An opportunity for the United Kingdom
With sensible reform of EU 261 stalled, the United Kingdom has an opportunity to incorporate some of the proposed revisions into the country’s post-Brexit model for passenger rights. Proper reform of ‘UK 261’ provides a gilt-edged opportunity for a genuine ‘Brexit dividend’ which the present pro-Brexit government should not ignore. 

Canada is losing its reputation for good regulation
The situation in Canada is particularly disappointing because it has benefitted from a well-balanced regulatory regime up to now. An example is the explicit recognition of the primacy of safety, meaning that safety-related problems are not subject to compensation. Unfortunately, Canadian policymakers seem inclined to remove this important exception. Canada has also announced a “guilty until proven innocent” approach to airlines when there are delays or cancellations. These moves appear to be driven by internal Canadian party politics. Moreover, the government’s regulatory zeal appears to evaporate when it comes to holding government-run entities such as Border Services (CBSA) or Transport Security (CATSA) accountable for their performance. 

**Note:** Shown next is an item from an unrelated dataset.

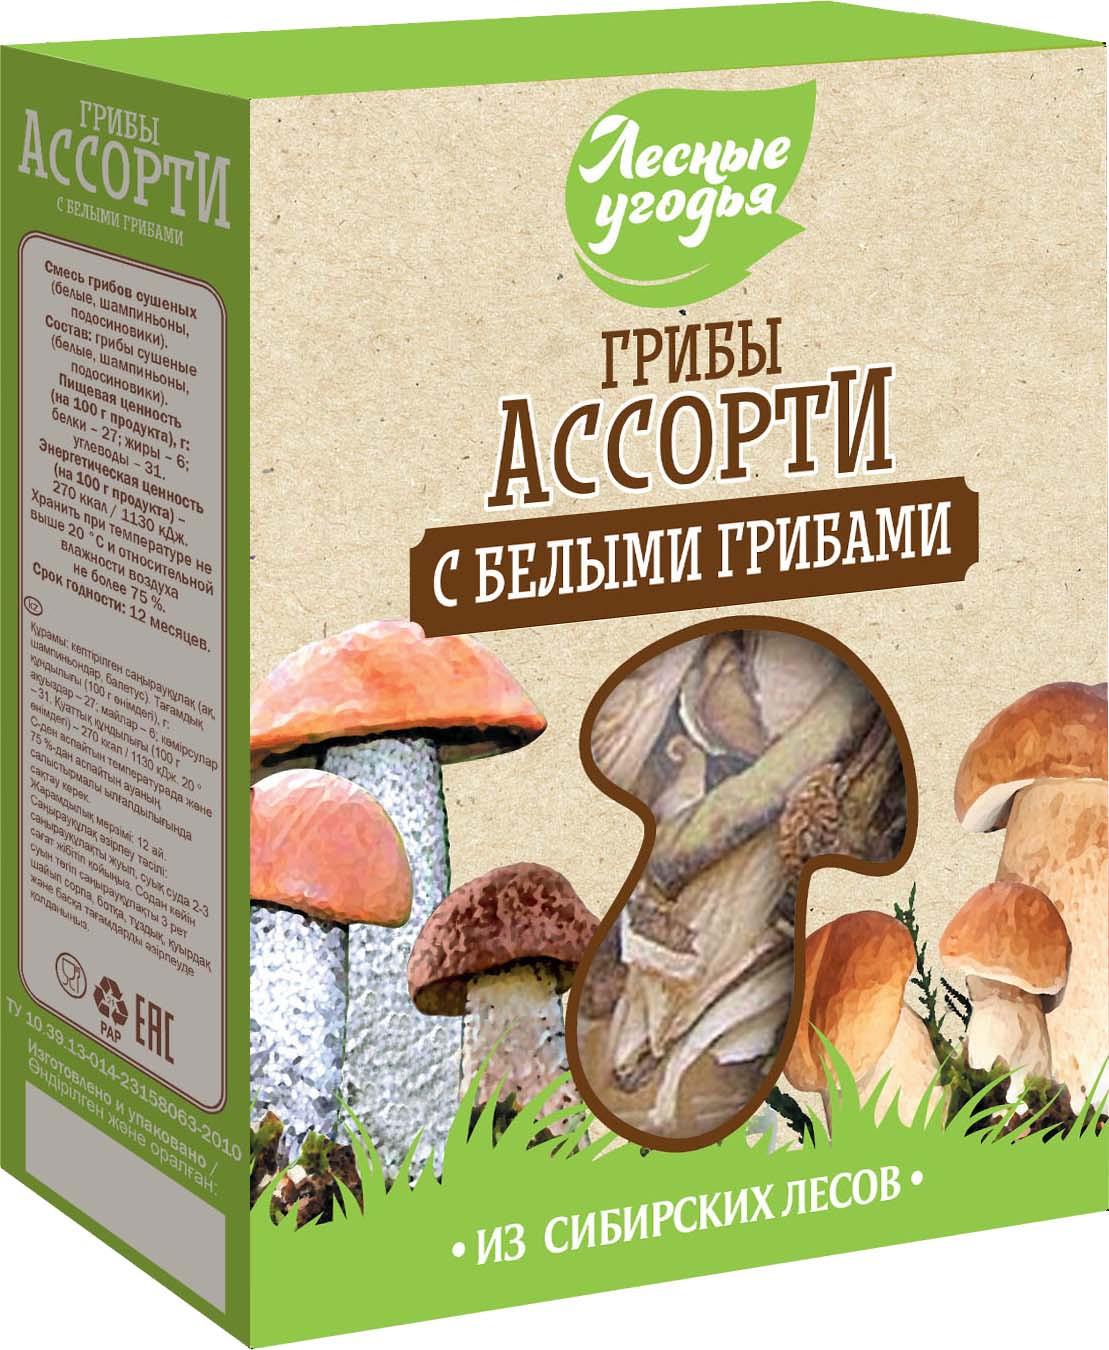 все цены на Лесные Угодья грибы сушеные ассорти с белыми грибами, 45 г онлайн

One potential bright spot is that the National Airlines Council of Canada has put forward a model for shared accountabilities across the aviation value chain, including increased transparency, data reporting and service quality standards, an approach that could well have merit beyond Canada.

The United States—a solution in search of a problem
The US Department of Transportation is proposing to mandate compensation for delayed or cancelled flights when their own Cancellation and Delay Scoreboard shows that the 10 largest US carriers already offer meals or cash vouchers to customers during extended delays, and nine also offer complimentary hotel accommodation for passengers affected by an overnight cancellation. Effectively, the market is already delivering, while at the same time allowing airlines the freedom to compete, innovate and differentiate themselves in terms of their service offerings.

“It’s easy for a politician to regulate a new passenger rights law, it makes them look like they’ve achieved something. But every new unnecessary regulation is an anchor on the cost-efficiency and competitiveness of air transport. It takes a brave regulator to look at the situation and recognize when ‘less is more’. The history of this industry proves that less economic regulation unlocks greater choice and benefits for passengers,” said Walsh. 

Passengers don’t agree there is an issue
There is little evidence passengers, outside of a few rare instances, are clamouring for stronger regulation in this area. An IATA/Motif survey of 4,700 travelers across 11 markets asked passengers how they were treated in the case of delays and cancellations. The survey found:

  •  96% of travelers surveyed reported they were ‘very’ or ‘somewhat’ satisfied with their overall flight experience
  • 73% were confident they would be treated fairly in the event of operational disruptions
  • 72% said that in general airlines do a good job of handling delays and cancellations
  • 91% agreed with the statement ‘All parties involved in the delay or cancellation (airlines, airports, air traffic control) should play a role in helping the affected passengers’ 

“The best guarantor of good customer service is consumer choice and competition. Travelers can and do vote with their feet if an airline—or indeed the entire aviation industry—doesn’t come up to scratch. Politicians should trust the public’s instinct and not regulate away the distinctive business models and choices available to travelers today,” said Walsh.